New Report Provides Education Leaders with School Interventions that Work

As state, district, and school leaders begin work under the Every Student Succeeds Act (ESSA) to identify and intervene in low-performing schools and among under-achieving groups of students, a new report by the Alliance for Excellent Education offers action steps and research-backed solutions to guide their work.

The report, School Interventions That Work: Targeted Support for Low-Performing Students, breaks out key steps in the identification and improvement process, focusing on (1) a diagnosis of school needs; (2) a plan to improve schools; and (3) evidenced-based interventions that work.

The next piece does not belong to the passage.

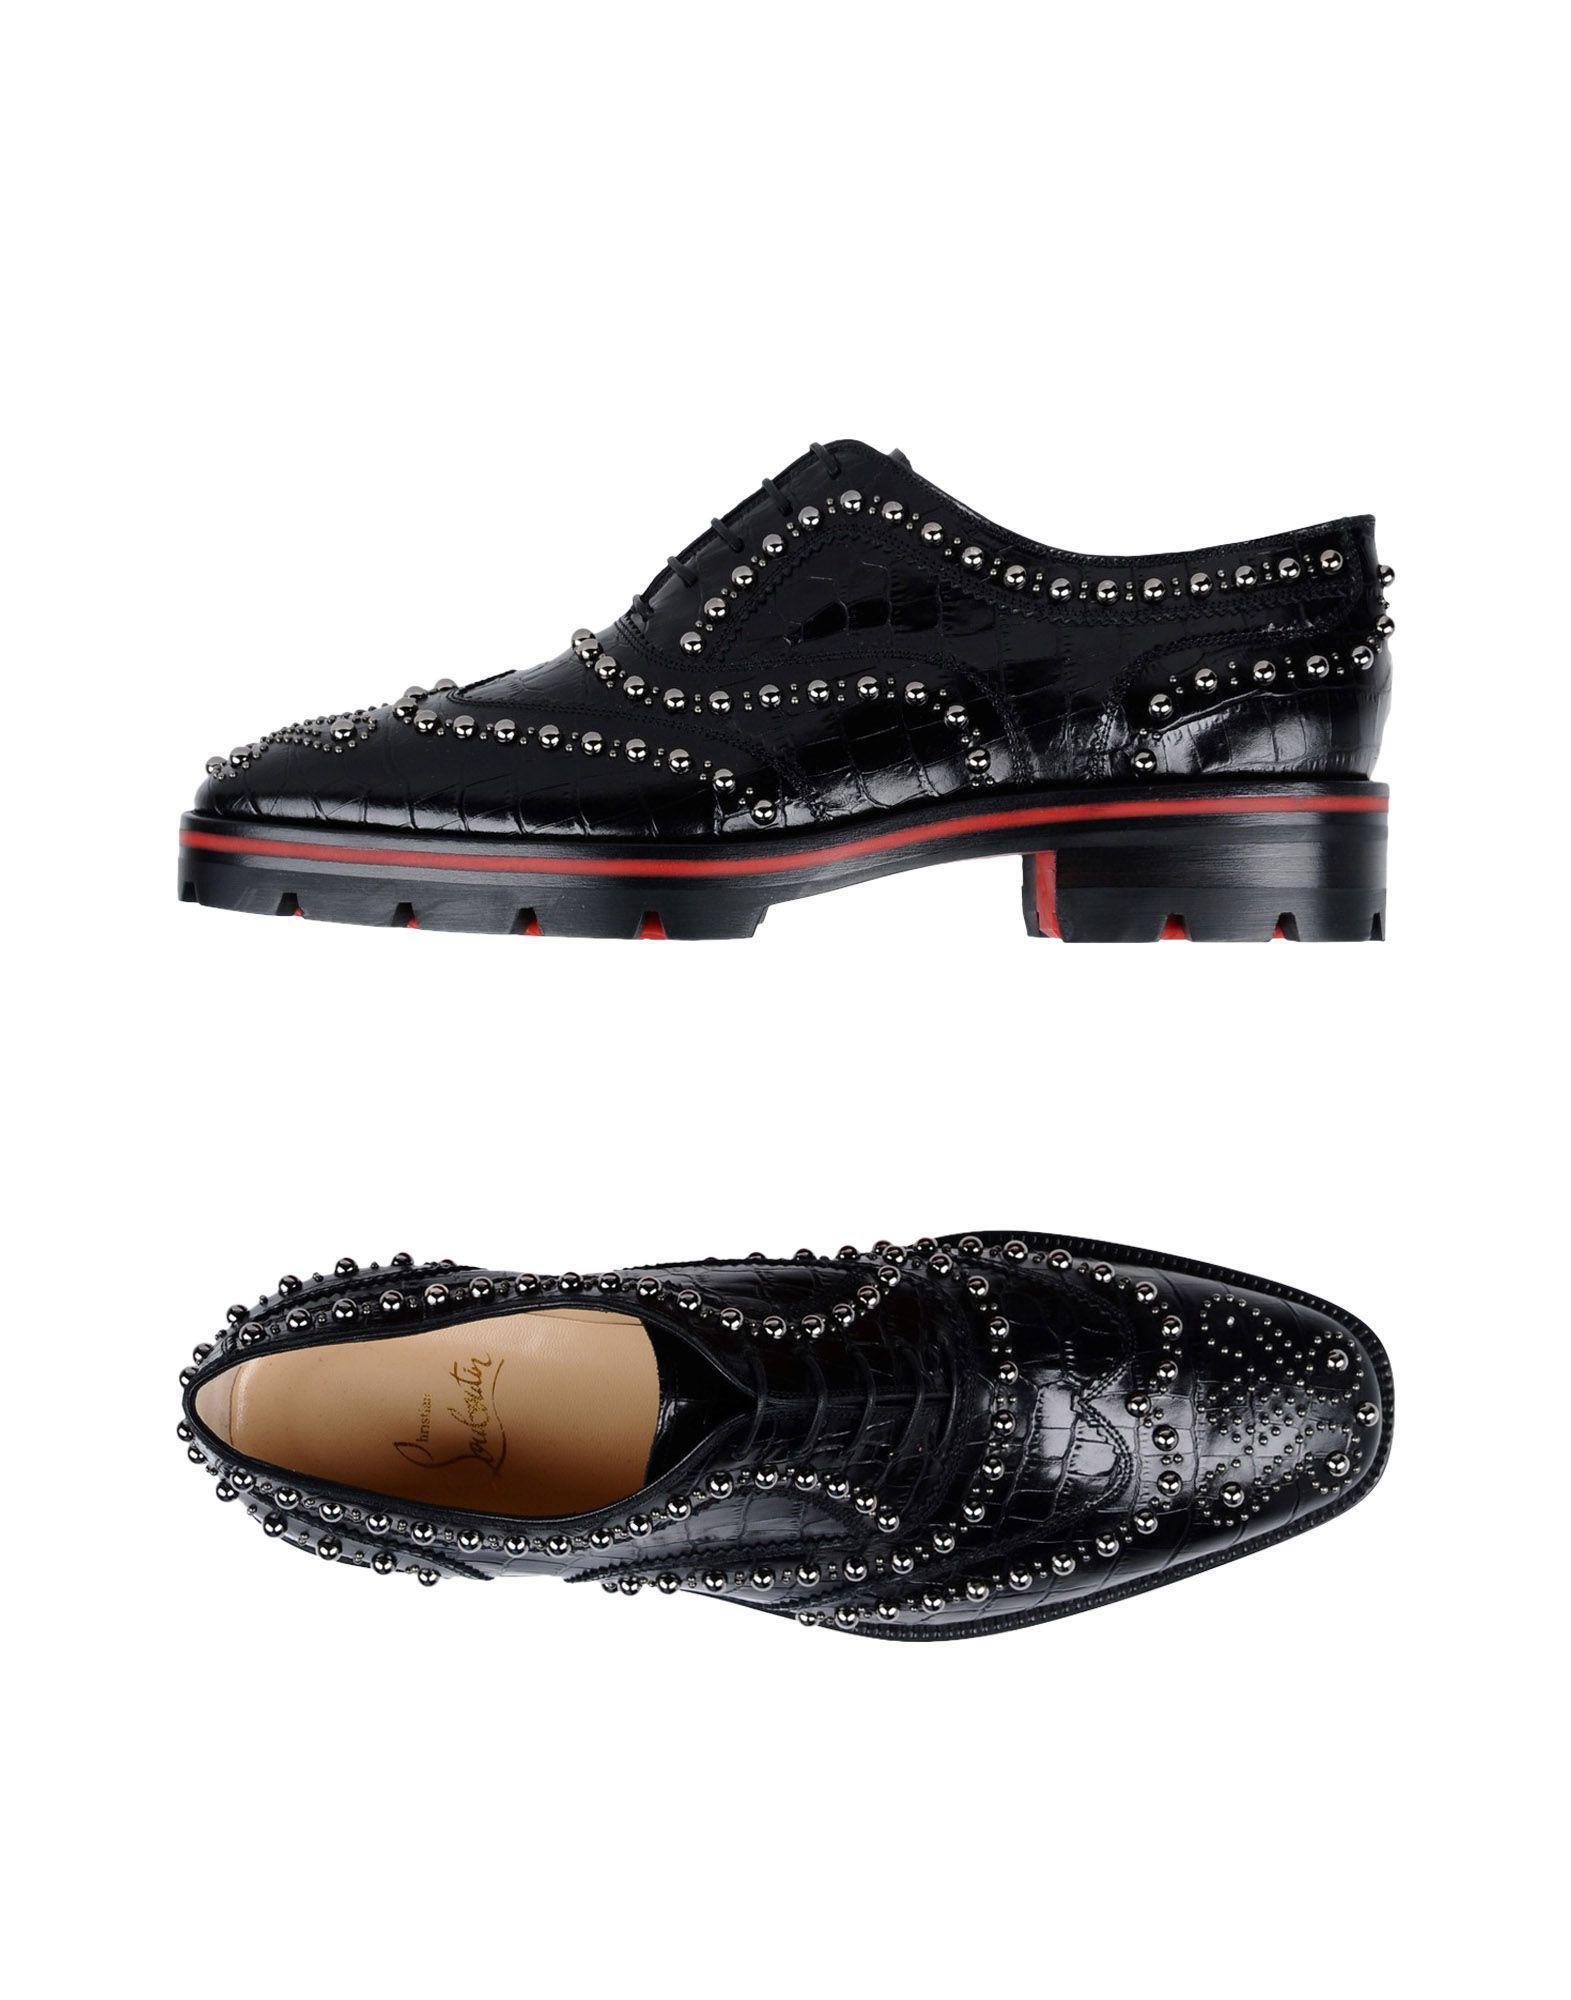 daecc448b29 Lace-Up Shoes in Black

The diagnosis of school needs, known as a school needs assessment, contains four key elements:

  1. An organized display of data that combines students’ academic performance with school climate indicators
  2. An understanding of what’s going on inside the numbers—provided by additional descriptors such as diagnostic, formative, and interim assessment data
  3. A theory of action for data collection around what teachers are teaching and how effectively they are teaching it
  4. An analysis of adult actions and student results that represents the school’s best effort to link specific adult behaviors to specific problematic student academic outcomes

When a needs assessment is done effectively, school districts, with possible assistance from states, can match research-based interventions to a low-performing school’s most critical challenges. Action steps for districts to take include reviewing literature to find relevant, research-based strategies to address the weaknesses that showed up in the data and examining how similar states or districts implemented solutions to tackle similar challenges.

The report also offers resources for evidence-based solutions such as the Best Evidence Encyclopedia’s “Evidence for ESSA” tool and the U.S. Department of Education’s What Works Clearinghouse. It lists a series of studies showing robust, multi-year demonstrations of successful interventions for English language learners and students with disabilities.

In the interest of acting quickly, education leaders may be tempted to adopt a school improvement plan (SIP) without undertaking needs assessments, but the report advises against it.

“Without an exacting, detailed self-assessment, a check by an external visiting team, and the careful matching of strongly researched interventions to the specific identified needs of schools, SIPs will capture best intentions but will fail to improve student learning,” the report warns.